> EXERCISE: When you reach the line containing "Versace Jeans Couture" in the records below, start copying exactly, and stop once you have copied the line containing "Jose Dávila, Collaborating".

SUPPLIED MATERIAL section start

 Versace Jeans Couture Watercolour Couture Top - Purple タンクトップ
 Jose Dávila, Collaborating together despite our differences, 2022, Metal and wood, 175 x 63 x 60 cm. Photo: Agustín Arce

SUPPLIED MATERIAL section end
SUPPLIED MATERIAL section start

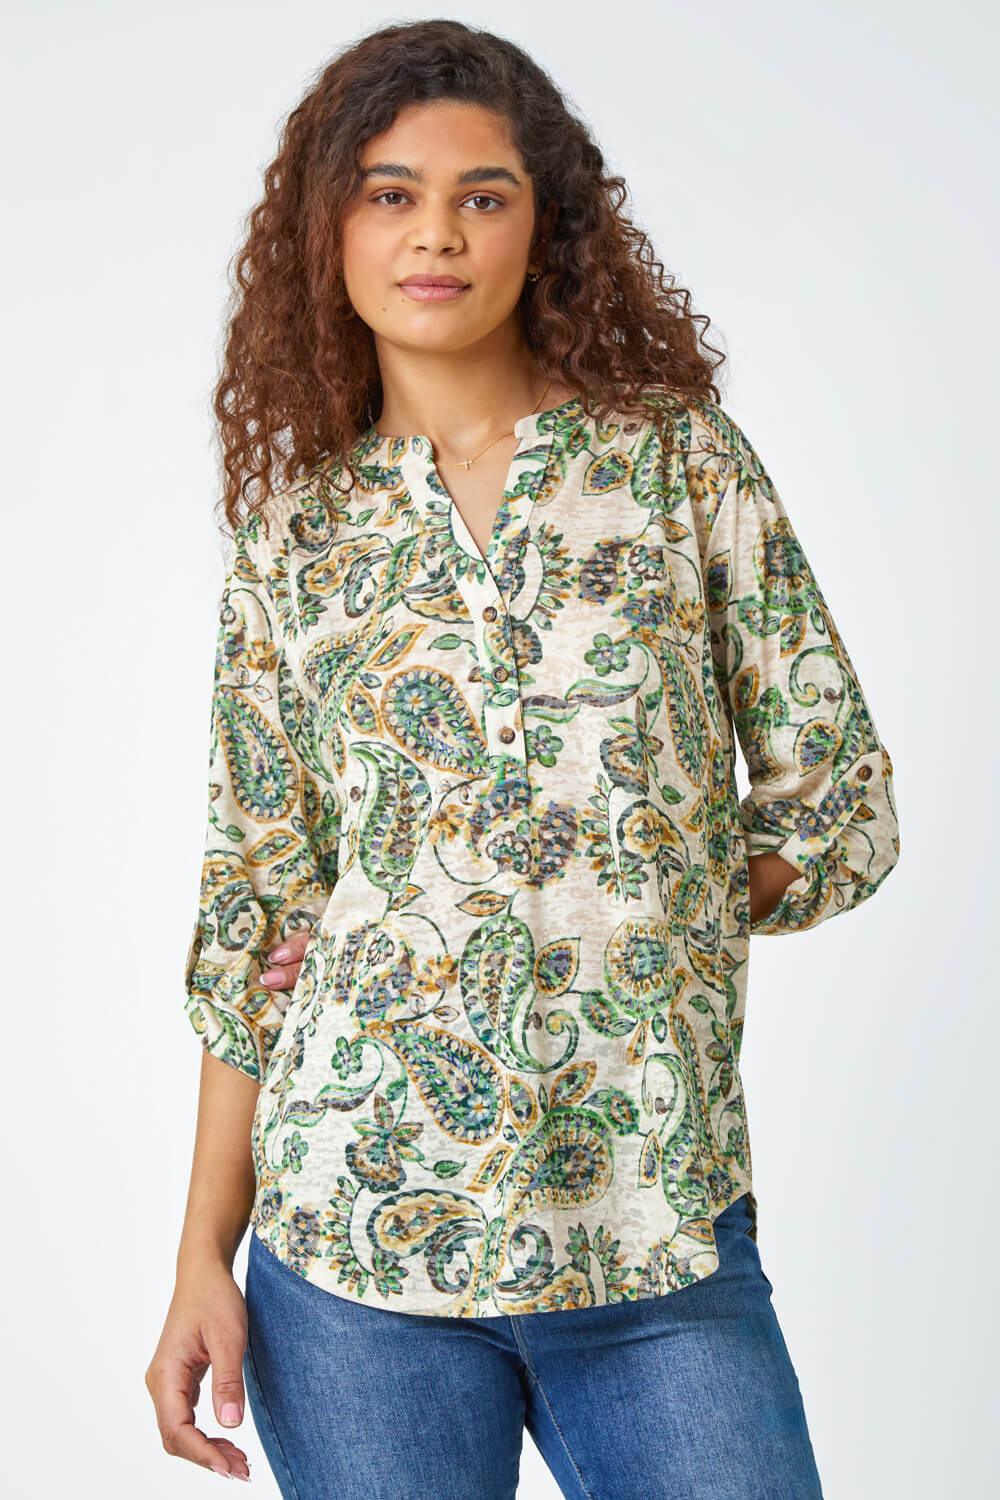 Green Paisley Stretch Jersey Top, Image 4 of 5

SUPPLIED MATERIAL section end

> WRITTEN REPLY:
 Versace Jeans Couture Watercolour Couture Top - Purple タンクトップ
 Jose Dávila, Collaborating together despite our differences, 2022, Metal and wood, 175 x 63 x 60 cm. Photo: Agustín Arce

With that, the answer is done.